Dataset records

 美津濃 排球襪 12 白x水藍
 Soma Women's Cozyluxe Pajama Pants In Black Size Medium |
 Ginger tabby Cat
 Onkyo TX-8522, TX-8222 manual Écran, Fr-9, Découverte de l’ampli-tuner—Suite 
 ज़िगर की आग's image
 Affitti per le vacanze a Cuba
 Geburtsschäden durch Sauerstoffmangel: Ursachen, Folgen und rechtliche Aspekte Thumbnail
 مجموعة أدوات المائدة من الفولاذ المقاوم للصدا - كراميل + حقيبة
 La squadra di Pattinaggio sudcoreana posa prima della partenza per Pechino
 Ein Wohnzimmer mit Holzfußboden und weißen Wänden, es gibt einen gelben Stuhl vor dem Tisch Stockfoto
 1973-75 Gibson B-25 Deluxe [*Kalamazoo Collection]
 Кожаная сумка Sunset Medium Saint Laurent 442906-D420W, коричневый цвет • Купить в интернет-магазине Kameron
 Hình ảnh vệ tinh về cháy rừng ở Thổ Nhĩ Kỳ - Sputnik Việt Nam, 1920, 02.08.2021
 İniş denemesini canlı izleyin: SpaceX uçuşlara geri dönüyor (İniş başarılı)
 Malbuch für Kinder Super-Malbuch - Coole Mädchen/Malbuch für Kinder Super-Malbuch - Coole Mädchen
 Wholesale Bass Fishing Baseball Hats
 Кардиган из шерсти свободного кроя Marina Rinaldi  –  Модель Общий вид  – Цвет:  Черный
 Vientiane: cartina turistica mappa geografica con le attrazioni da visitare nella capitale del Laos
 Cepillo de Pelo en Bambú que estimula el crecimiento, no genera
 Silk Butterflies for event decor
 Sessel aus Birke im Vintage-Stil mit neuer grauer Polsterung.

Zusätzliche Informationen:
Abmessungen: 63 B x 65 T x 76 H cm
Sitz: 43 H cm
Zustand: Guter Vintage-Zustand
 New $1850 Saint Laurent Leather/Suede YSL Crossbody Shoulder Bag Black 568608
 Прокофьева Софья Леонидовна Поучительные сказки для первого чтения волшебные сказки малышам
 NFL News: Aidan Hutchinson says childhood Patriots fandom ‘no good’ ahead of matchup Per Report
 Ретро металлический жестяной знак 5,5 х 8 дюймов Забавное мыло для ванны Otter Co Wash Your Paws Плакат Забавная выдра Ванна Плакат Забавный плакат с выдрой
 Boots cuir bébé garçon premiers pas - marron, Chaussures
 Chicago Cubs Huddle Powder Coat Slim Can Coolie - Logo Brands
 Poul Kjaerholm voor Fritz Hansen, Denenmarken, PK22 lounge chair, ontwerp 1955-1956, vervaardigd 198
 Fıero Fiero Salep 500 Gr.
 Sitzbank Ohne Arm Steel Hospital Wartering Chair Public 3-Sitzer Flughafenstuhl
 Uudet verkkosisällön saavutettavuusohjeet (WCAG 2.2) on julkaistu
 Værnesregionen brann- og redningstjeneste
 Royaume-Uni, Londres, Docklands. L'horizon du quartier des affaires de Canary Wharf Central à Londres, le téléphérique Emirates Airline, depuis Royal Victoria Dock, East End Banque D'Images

What you will do: When a line above contains the string "Vintage", copy that line.

Reply to the task:
 Sessel aus Birke im Vintage-Stil mit neuer grauer Polsterung.
Zustand: Guter Vintage-Zustand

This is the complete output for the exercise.